🤖 AI Summary
This study investigates the structural characteristics of user communities in social virtual reality (Social VR) platforms, addressing a gap in understanding how immersive environments shape community formation compared to traditional online social networks.
Method: Leveraging large-scale head-mounted display (HMD) login logs from a commercial metaverse platform, we identify substantive interactions through prolonged co-presence behavior, construct user interaction networks, and apply community detection and network analysis techniques to characterize community topology.
Contribution/Results: We find that Social VR communities exhibit a distinctive “small-scale, high internal cohesion, weak inter-community connectivity” structure—markedly divergent from conventional online networks. Crucially, we formally define and empirically identify a novel intermediary role: the “community jumper”—a user with sparse individual connections who nevertheless efficiently bridges multiple communities and facilitates cross-group information diffusion. This discovery reveals emergent community dynamics and user role paradigms unique to VR environments, providing empirical grounding and theoretical insight for metaverse community governance and immersive experience design.
📝 Abstract
This study quantitatively analyzes the structural characteristics of user communities within Social Virtual Reality (Social VR) platforms supporting head-mounted displays (HMDs), based on large-scale log data.
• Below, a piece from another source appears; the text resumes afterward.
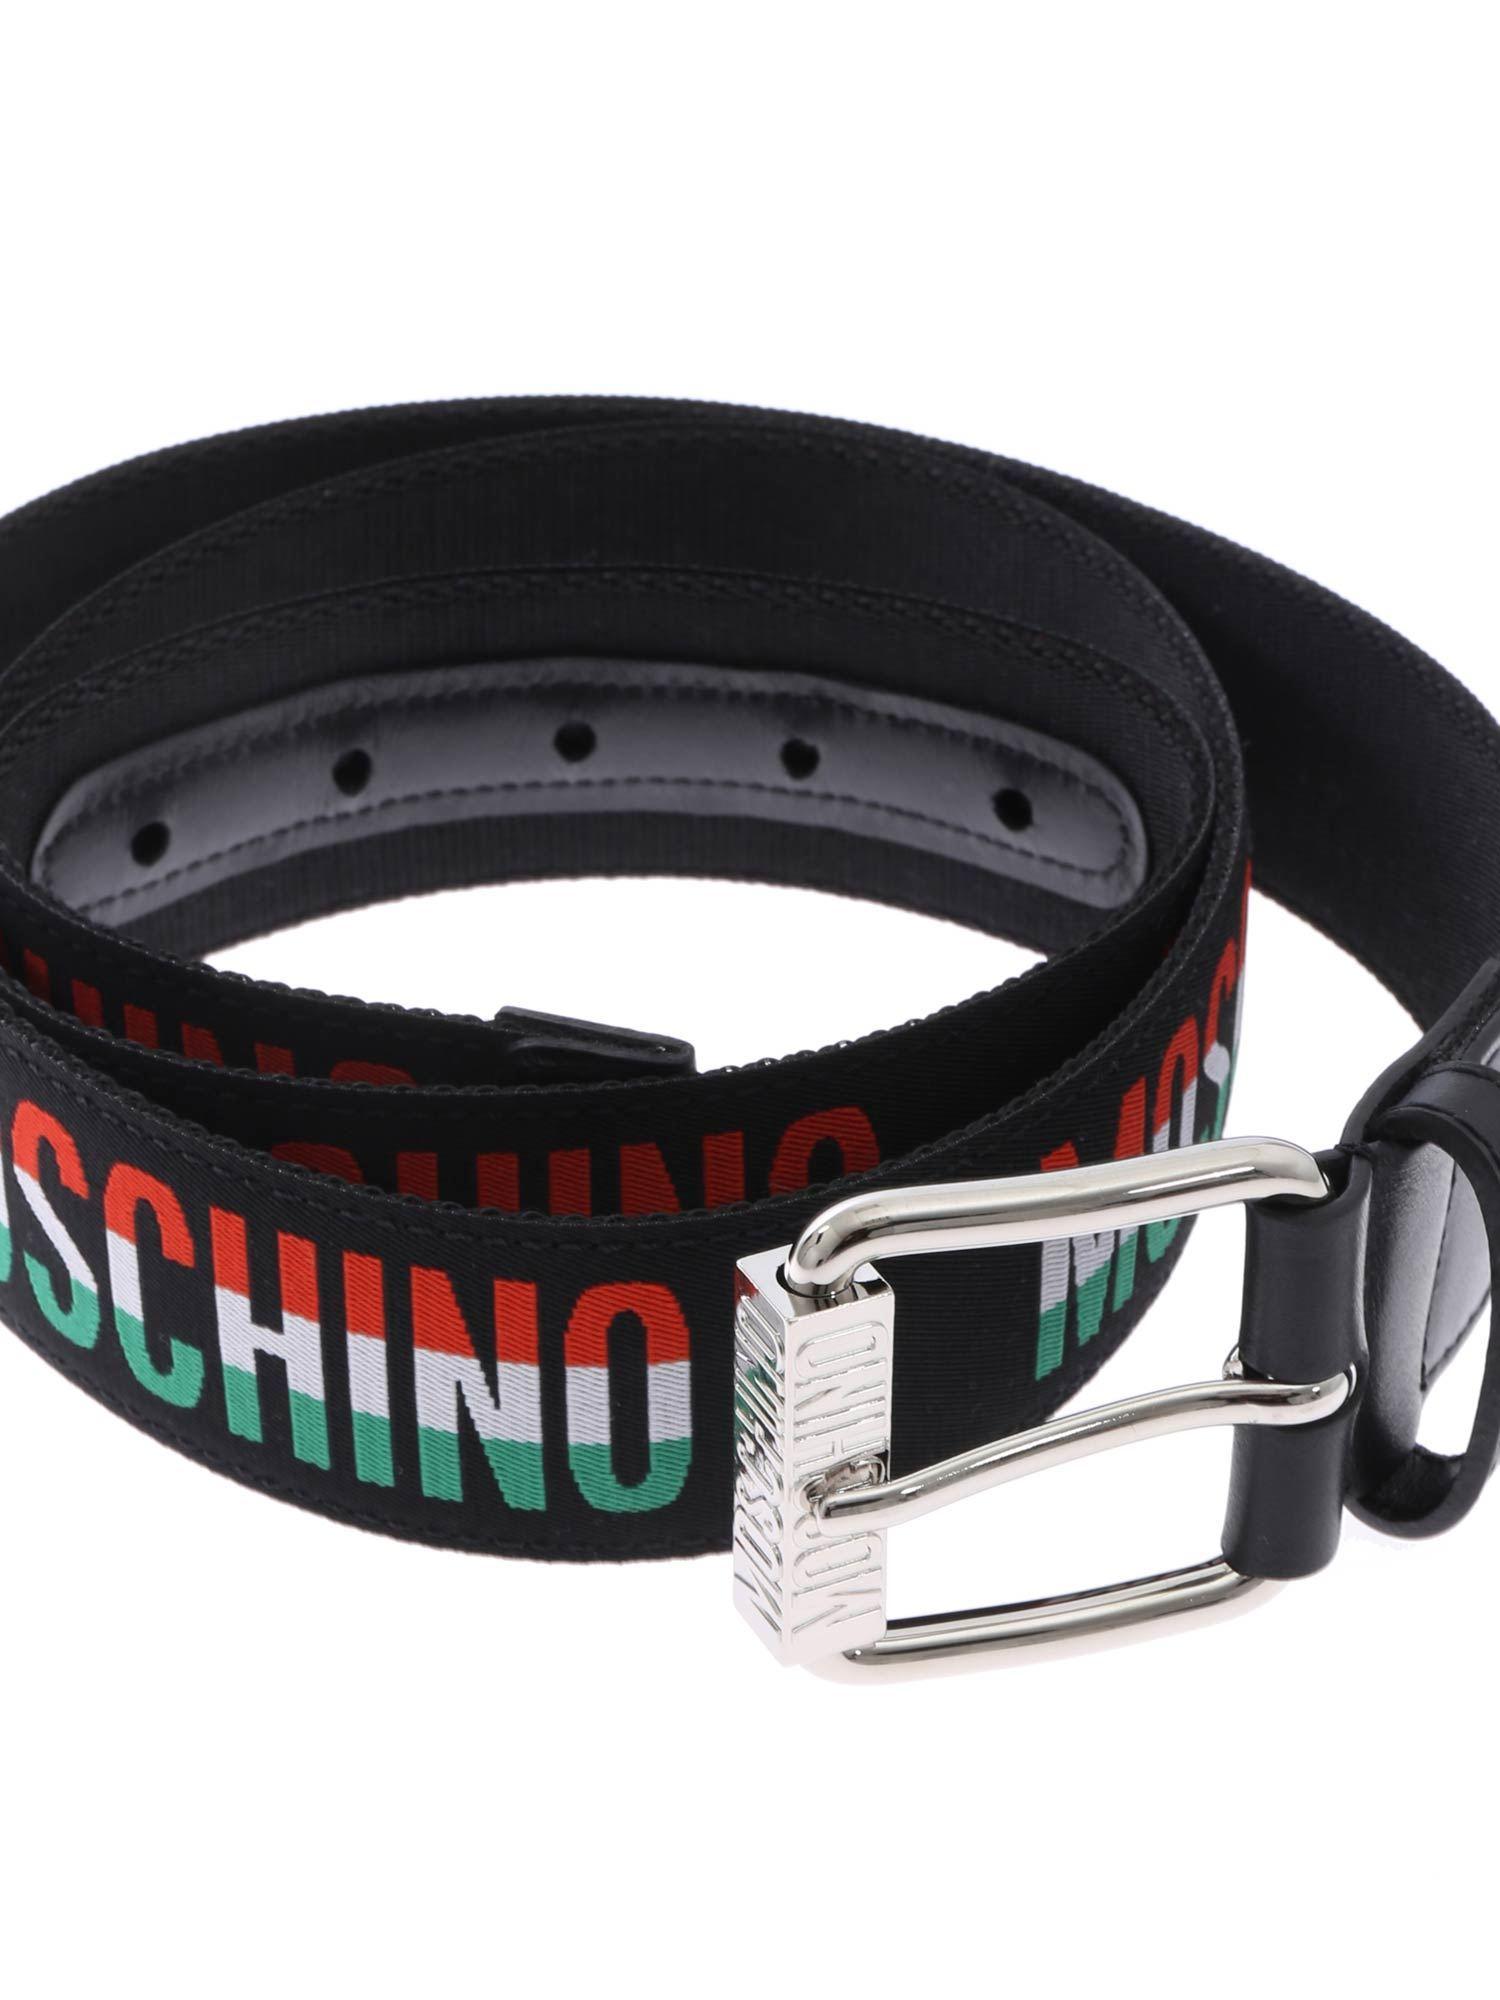 c6380d55cf Moschino Canvas Belt Italian Logo in Black for Men - Lyst

By detecting and evaluating community structures from data on substantial interactions (defined as prolonged co-presence in the same virtual space), we found that Social VR platforms tend to host numerous, relatively small communities characterized by strong internal cohesion and limited inter-community connections. This finding contrasts with the large-scale, broadly connected community structures typically observed in conventional Social Networking Services (SNS). Furthermore, we identified a user segment capable of mediating between communities, despite these users not necessarily having numerous direct connections. We term this user segment `community hoppers' and discuss their characteristics. These findings contribute to a deeper understanding of the community structures that emerge within the unique communication environment of Social VR and the roles users play within them.